The biggest immediate issue is the typing.

// A new primitive, similar to Invocation but typed.
abstract class ArgumentList {}

abstract class TypedFunction<ReturnT, ArgsT extends ArgumentList> {

The "similar to Invocation, but typed" skips all the hard parts. How is it typed? What is it even?

Is there a whole type hierarchy similar to record types, but with each parameter also being able to be optional?
And either contravariant (so (int, int, {required int x}) is a supertype of (num, int, {int x})) or not, but if not then TypedFunction must be contravariant in the second type parameter.

If you want to abstract over parameter lists using generics, then parameter lists need to be types.
(It's not argument lists, it's parameter lists, which is why the optional/required is needed.)

If Dart didn't have optional parameters, it would be much easier. The parameter list type would just be a record type, and every function is a unary function that takes a single record value (and then the parameter list implicitly pattern matches it).
But it ain't so. There is no simple record type which represents the parameter list of void Function([int]).

I think it would be much more likely to introduce a "function wrapper" function where you never get access to the parameters, and therefore never need to know their "type".

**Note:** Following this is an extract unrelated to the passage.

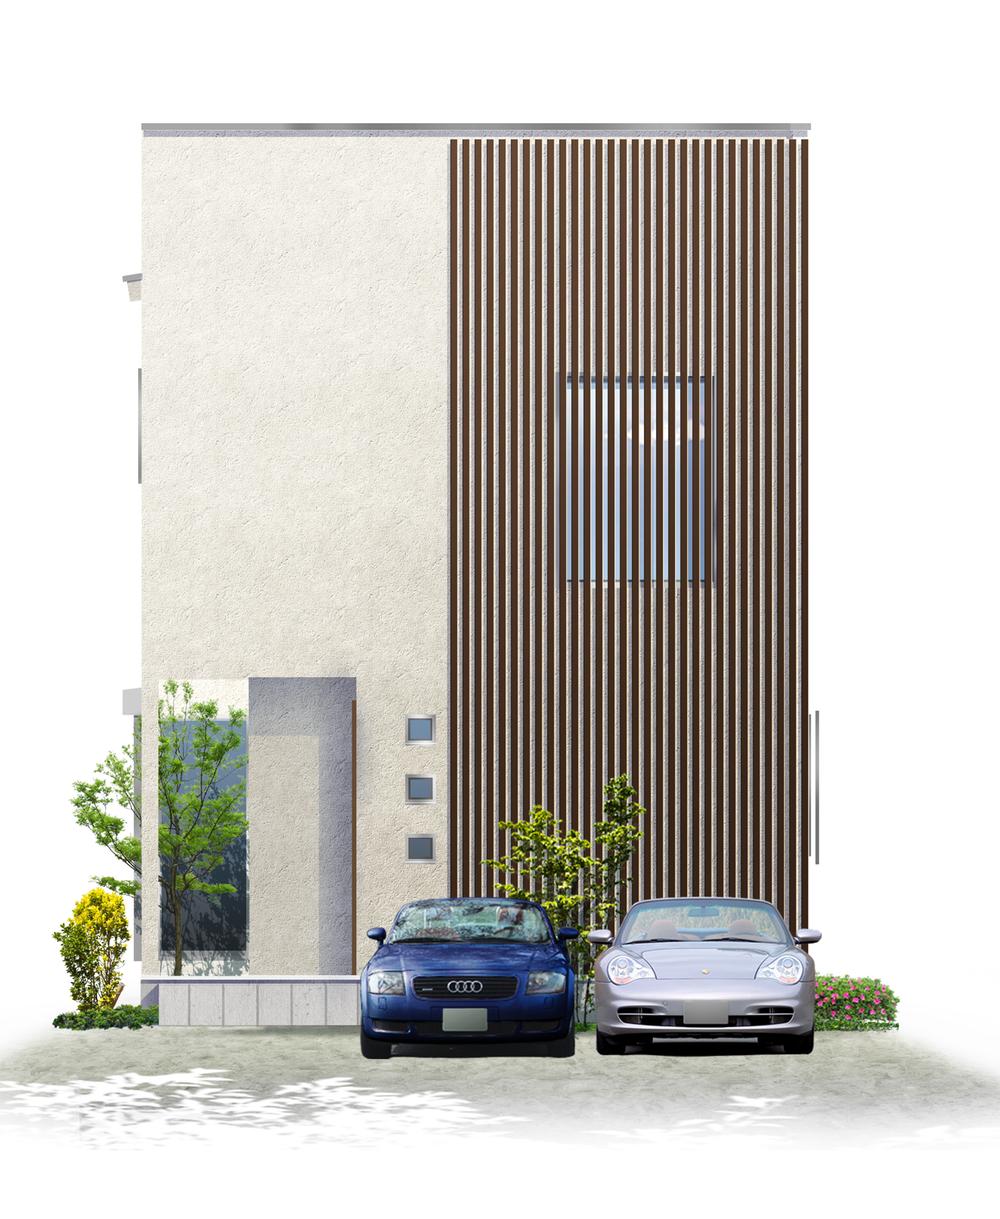 Building plan example (Perth ・ appearance). Building plan example (No. 1 place) Building Price      Ten thousand yen, Building area 102.67 sq m

/// Creates a function of with type `F`, which must be a function type (not `Function` or `Never`).
///
/// When the returned function is invoked with an argument list, the [body] is invoked with a function
/// which must be invoked. When that function is invoked with a function argument,
/// that function is invoked with the same argument list as the returned function, and whatever 
/// value it returns is memorized as the result of the returned function invocation.
/// If that result is a future, then the invocation returns a future which won't complete until
/// the result future has. Otherwise it returns `null`.
F functionProxy<F extends Function>(void Function(Future<void>? Function(F)) body);

Example use:

F logBeforeAfter<F extends Function>(String before, String after, F function) =>
  functionProxy<F>((invoke) async {
    print(before);
    try {
      if (invoke(function) case var delay?) await delay;
    } finally {
      print(after);
    }
  });

Async just makes things extra complicated!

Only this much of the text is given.